PR stunt or show of strength? Russia slashes interest rates
By Mark Thompson and Clare Sebastian, CNN Business
Russia slashed interest rates on Thursday as a resurgent ruble — buoyed by robust oil and gas revenues and government support — takes some pressure off its wobbling economy.
At an extraordinary meeting, the Russian central bank cut interest rates to 11% from 14% and said further reductions could follow. Rates were hiked as high as 20% in the immediate aftermath of Russia’s invasion of Ukraine in February as the bank tried to prevent Western sanctions triggering a financial crisis.
“Inflationary pressure eases on the back of the ruble exchange rate dynamics as well as the noticeable decline in inflation expectations of households and businesses,” the Russian central bank said in a statement. It said it expected inflation to fall to between 5% and 7% this year, down from around 17.5% this month.
The ruble crashed to a record low of about 135 to the US dollar in the wake of the invasion as the West froze about half of Russia’s $600 billion foreign currency reserves. Hundreds of multinationals have quit the country, and Russia has been banned from buying key Western technology and services.

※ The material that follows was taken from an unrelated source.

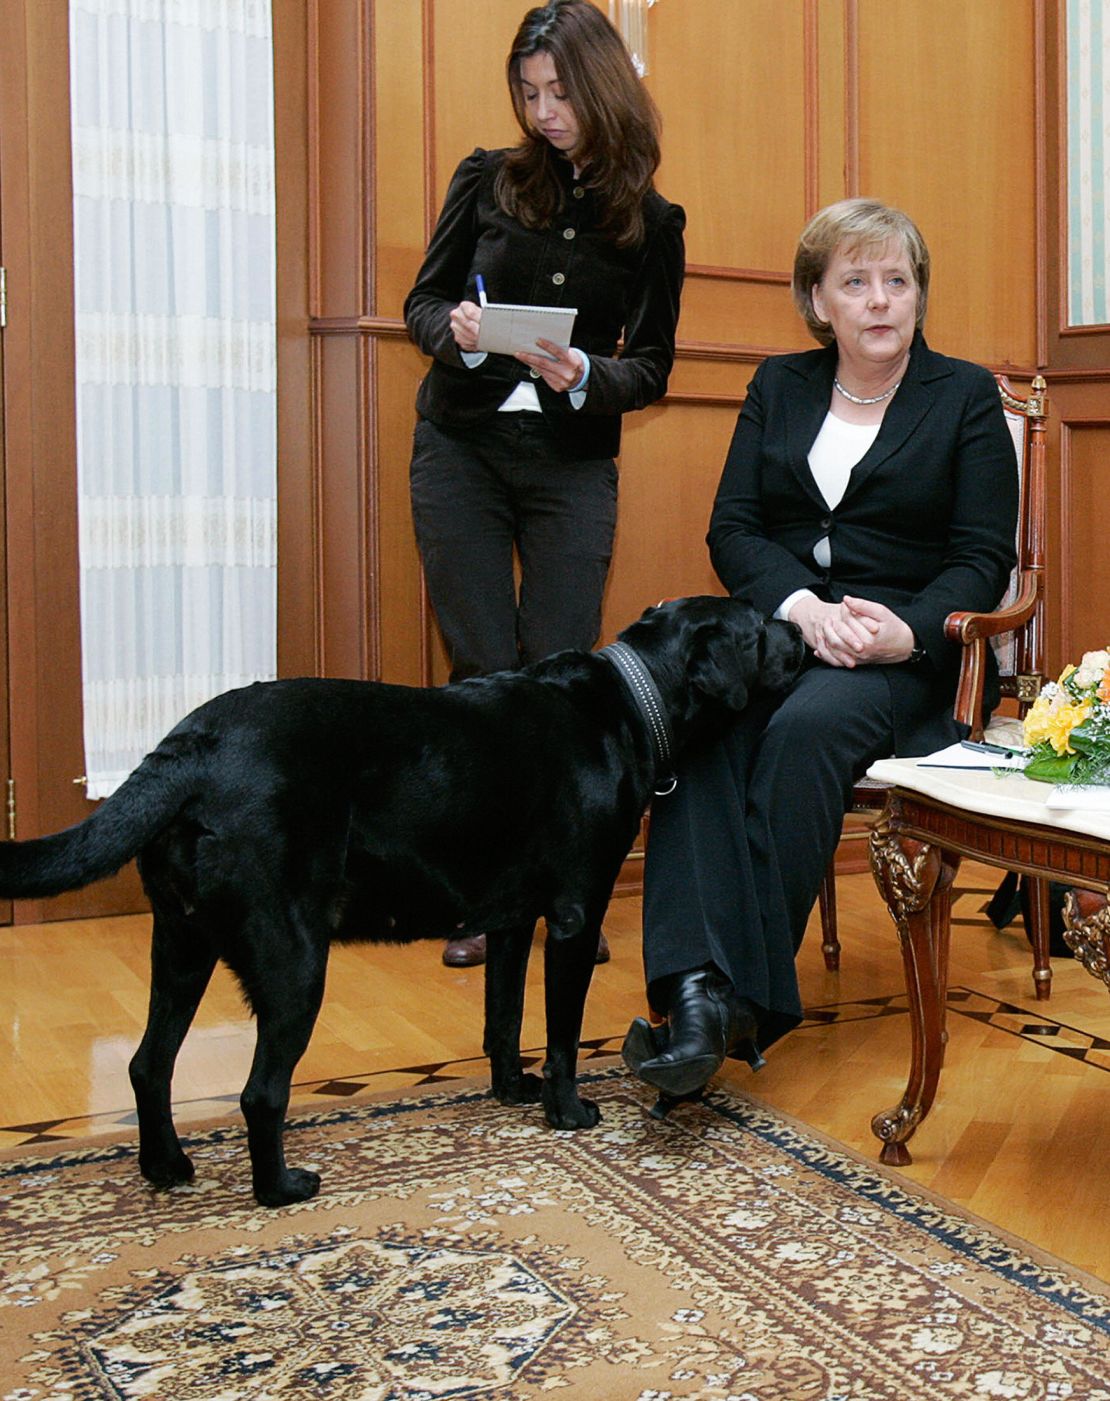 German Chancellor Angela Merkel looks uncomfortable as Russian President Vladimir Putin's dog comes close during a press conference in Sochi in January 2007.
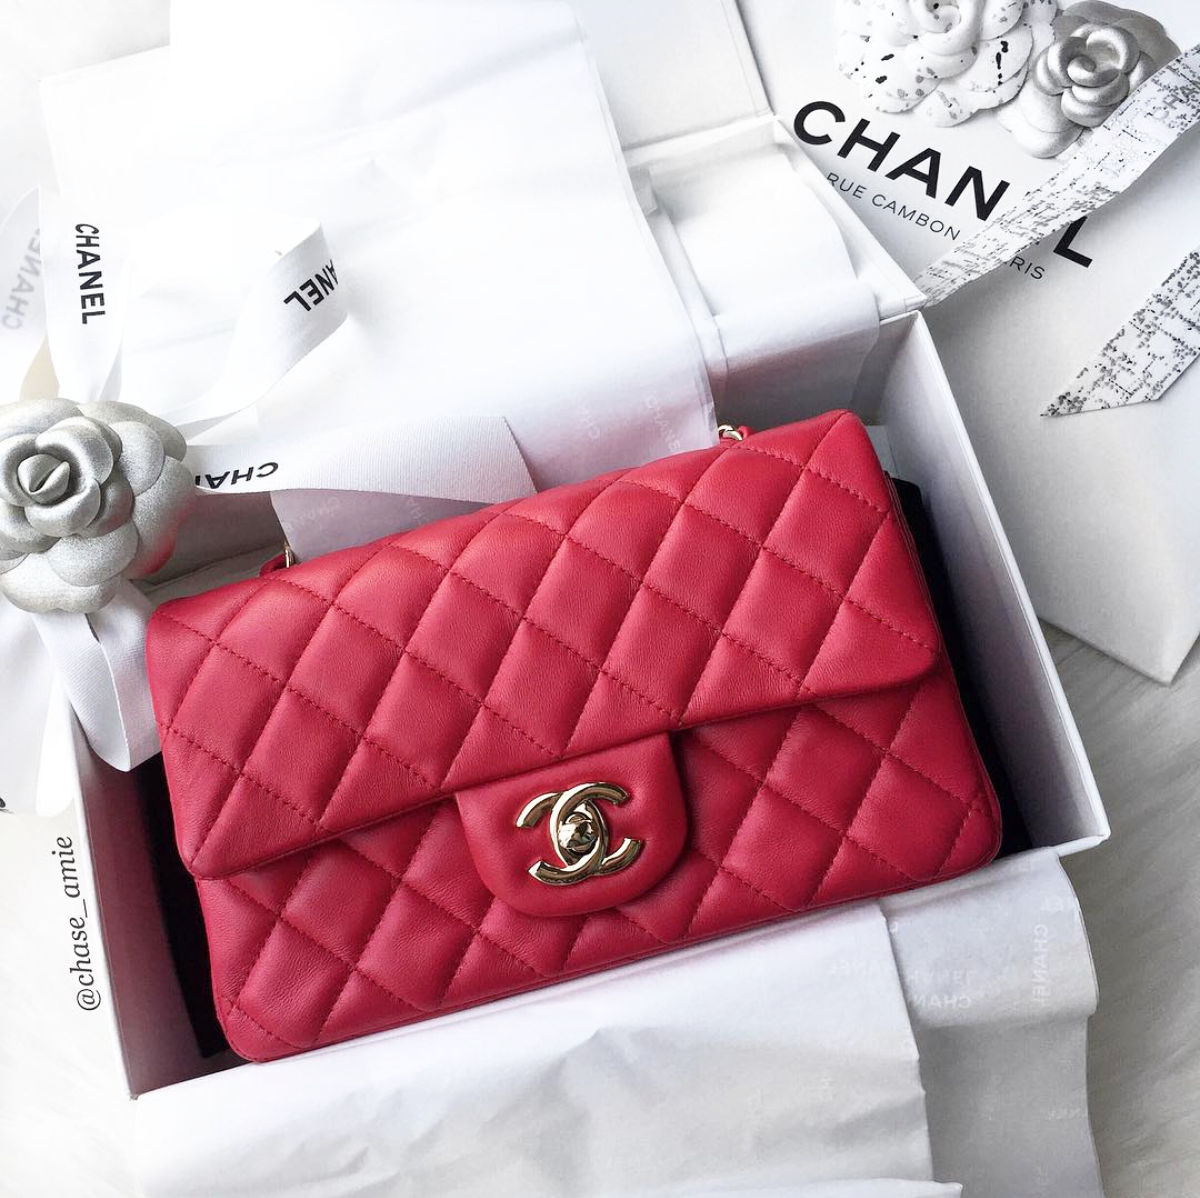 The Ultimate Chanel Classic Flap Guide - Chase Amie

But Russia’s currency has since rebounded and is the world’s best performer this year, according to Reuters, propped up by capital controls aimed at forcing businesses and investors to buy rubles, and soaring global energy prices. One US dollar now buys about 62 rubles.
Western efforts to curtail Russian energy imports have been slow-moving, and surging oil and gas prices have boosted the Kremlin’s coffers.
“The key point is that high oil and gas revenues are providing policymakers with a lifeline, allowing them to row back emergency economic measures,” William Jackson, chief emerging markets economist at Capital Economics, said in a research note.
“Against that backdrop, a further easing of capital controls and additional rate cuts seem likely,” he added.
Russian President Vladimir Putin spent years leading up to the war trying to build a “fortress economy,” accumulating reserves that could be deployed in the event of an emergency. On Wednesday, he announced a 10% increase in pensions and the minimum wage to help protect Russians from the impact of inflation.
But Russia’s economy is hardly on a solid footing. Capital controls and emergency reserves can last only so long. And new US restrictions mean Russia could soon default on its foreign debt for the first time in more than a century.
Timothy Ash, a senior emerging market strategist at Bluebay Asset Management, said Putin was now having to deploy those emergency buffers, and that the rate cut was part of a public relations campaign.
‘Info war’
“They are in an info war with the west, the ruble’s part of that,” he told CNN Business.
A deep recession is coming this year. The International Monetary Fund expects Russian GDP to contract by 8.5%, as a consequence of the harsh sanctions imposed on Moscow.
Still, those sanctions have yet to strike deep at the heart of Russia’s fossil fuel resources. Moscow is finding it harder to sell its oil and coal, but its biggest energy customer — the European Union — still can’t agree on an oil embargo and an outright ban on Russian natural gas imports isn’t even on the table.
Russia is now trimming forecasts for the decline in its oil production this year. Deputy Prime Minister Alexander Novak said oil output could fall to between 480 million and 500 million tonnes, down about 6.5% on 2021, state news agency RIA reported Thursday. Russia’s economy ministry had previously forecast a drop of about 9.3% this year.
“I think the contraction will be way smaller,” Novak was quoted as telling reporters on a visit to Iran. “There was only one month with contraction of more than 1 million barrels per day, which is not as deep by now. So, I think there will be a recovery in the future,” he added.
While many Western traders and refineries have been shunning Russian oil and coal, India and China have moved in to pick up some of the slack.
— Reuters contributed to this article.